With Mother's Day approaching, I thought I'd write about the last 24 hours with my mother.
Yesterday morning:
Our church was supposed to go on a picnic at this park in Suwanee. It started raining, and it didn't look like it was going to stop, so my dad called all the families to tell them that we couldn't go to the park, we'd have the service at the church. Of course, people asked what we're going to do with the food that they've prepared. My dad didn't have an answer to that yet, but he said that they'd discuss it after service. Well, after a few minutes of calling everyone, he headed downstairs to the kitchen and started cleaning stuff. He was going to tell everyone to come over to our house for the "picnic." My mother had a FIT. She started bitching and whining about how she didn't want people to come over because the house wasn't clean enough, they'll say stuff about how the house is always dirty and she didn't want to hear it, blah, blah, blah. If this was the first time for her to say this kinda thing, I don't think I would've thought anything of it, but it's EVERY TIME that we have people come over that she bitches about the SAME THINGS. Is she EVER gonna get over it? And as the preacher's wife, she's gonna have to at some point get used to the fact that people are going to come over. ARGH.
This morning:
On the way out to take my mom to work, my dad asked me if I could pick up my mom from work because he wants to go to a revival tonight. My mom heard this and started saying things like, "No, then I'm going to take the car! I don't like having those people see how I don't have a car anyway! I'm taking the car!" This meant two things: 1) The car would be parked all day in a parking lot on BUFORD HWY...not exactly the safest place on earth. 2) My dad would not be able to leave the house at all.
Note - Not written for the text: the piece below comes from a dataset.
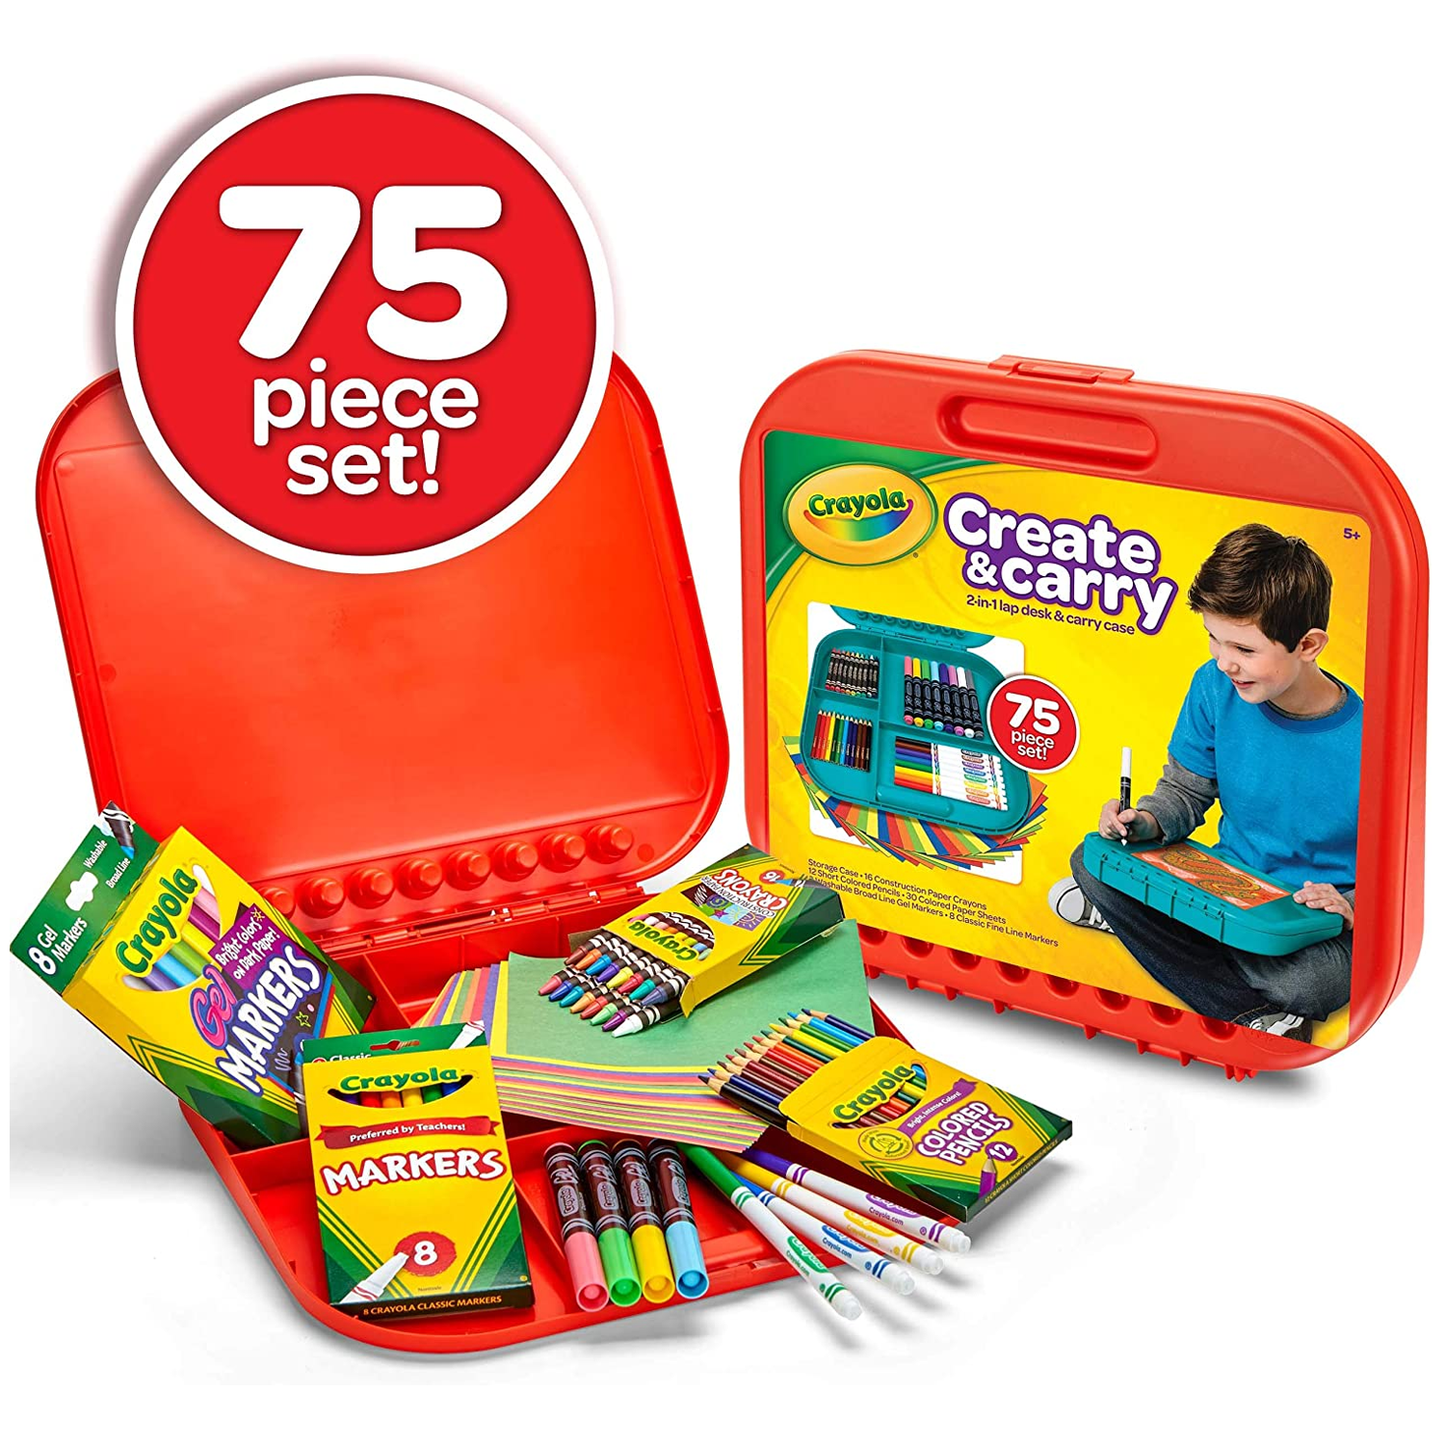 Crayola Create and Carry Case

After we finally convinced her of letting my dad take her to work, she proceeded to get on my case about how she asked me to write out a couple recipes for her co-worker's daughter, that I was in the process of doing, but was not going to finish doing by the time she had to leave. She just kept going on and on and on about how she asked me to do it DAYS ago, and I was waiting till the last minute, all I had to do was type them up really fast, blah, blah, blah. It really isn't even that important. ARGH.
I feel like all she does is bitch and complain about things. It worries me because I can barely handle it now...it's just gonna get worse once she's older. And I'm afraid that I'm going down that path. Victor likes to joke that I complain and bitch a lot, but I know he's not joking. It's for real...and it'll probably get worse in the future. Is it inevitable? Will I become my mother when I "grow up?" Will someone please just give me a pill that'll stop this madness?
1 comment:
You know Gracie, you do complain, but it's only about your mother. I think you're in the clear. You provide more solutions to everyday things than bemaoning.